2.1. Why Do We Care?
Two hormones, testosterone and estrogen, are responsible for a large number of secondary sex characteristics in humans. Despite the large difference in effects between these two hormones, they are incredibly similar to each other structurally (Figure 2.1).
Figure 2.1 – Testosterone (enol form) and Estrogen.
This leads to an important fact: a chemical’s structure directly controls its chemical reactivity. This is true in enzymes/receptors in biological systems, but it is also true in non-biological systems. A molecule’s structure will directly dictate its physical properties, such as colour, melting/boiling points, solubility, etc. More importantly it will directly dictate its chemical reactivity, such as what reactions it may undergo, how it does so, where on the molecule it will undergo a reaction, etc. This means that knowing and understanding a molecule’s structure is vital for knowing and understanding chemical reactivity.

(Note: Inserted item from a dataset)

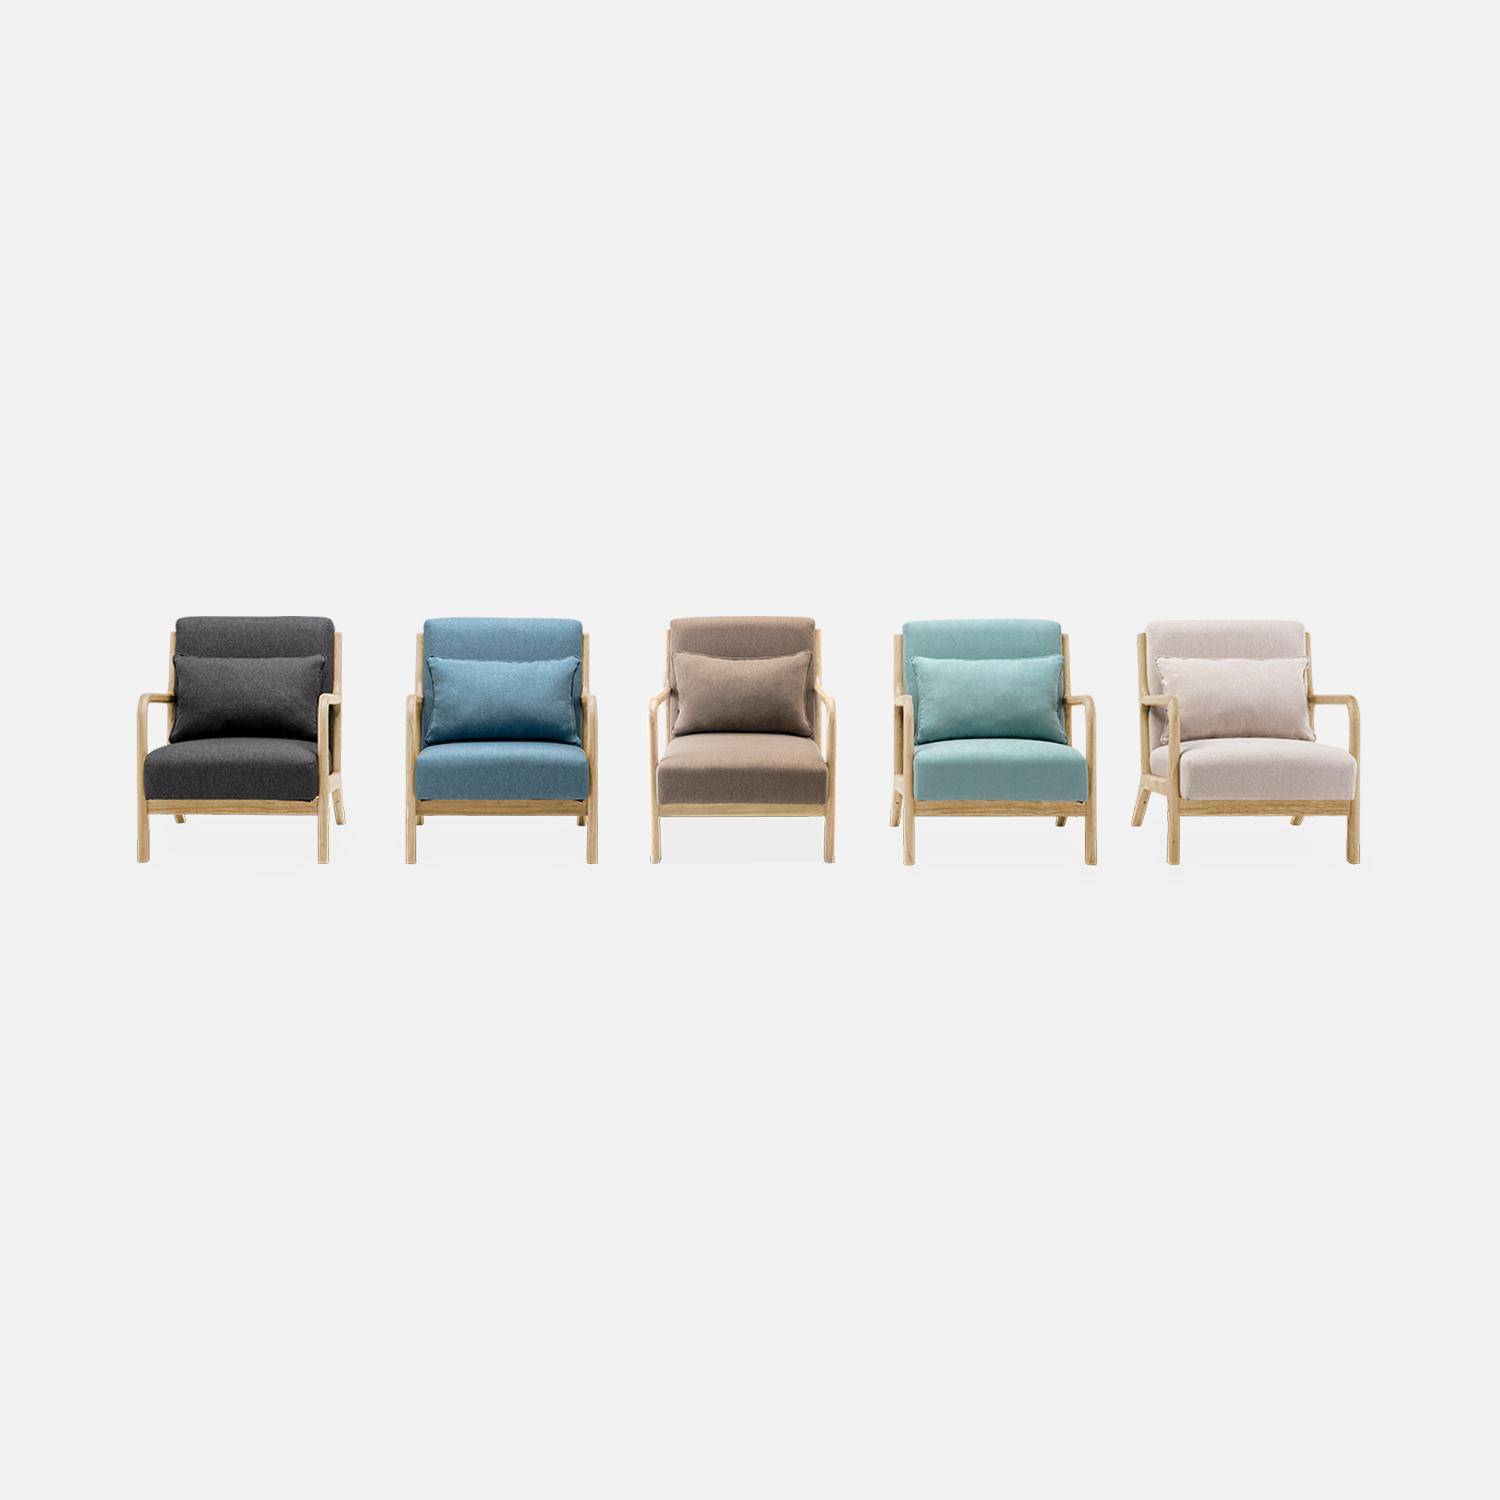 Sillón de diseño en madera y tela, 1 asiento recto fijo, patas de compás escandinavas, asiento cómodo, armazón de madera maciza, azul Photo8

Communication is another key aspect of understanding. For example, if you want to ask someone about a physical property of estrogen you need to be able to convey that that specific molecule is the one you are asking about. You could do this by showing a picture of the molecule, but this is unwieldy; there are infinitely many molecules you may wish to ask about, and it is not practical to carry images of them all with you at all times. Alternatively, you could say “estrogen” but this again is unwieldy; memorizing specific names for infinitely many molecules would take an infinitely long time.
To deal with this issue a systematic way of naming molecules based on their structure was developed. This allows communication by deriving the name to contain all relevant information about the structure being discussed. However, in order to be systematic it requires a series of highly specific rules.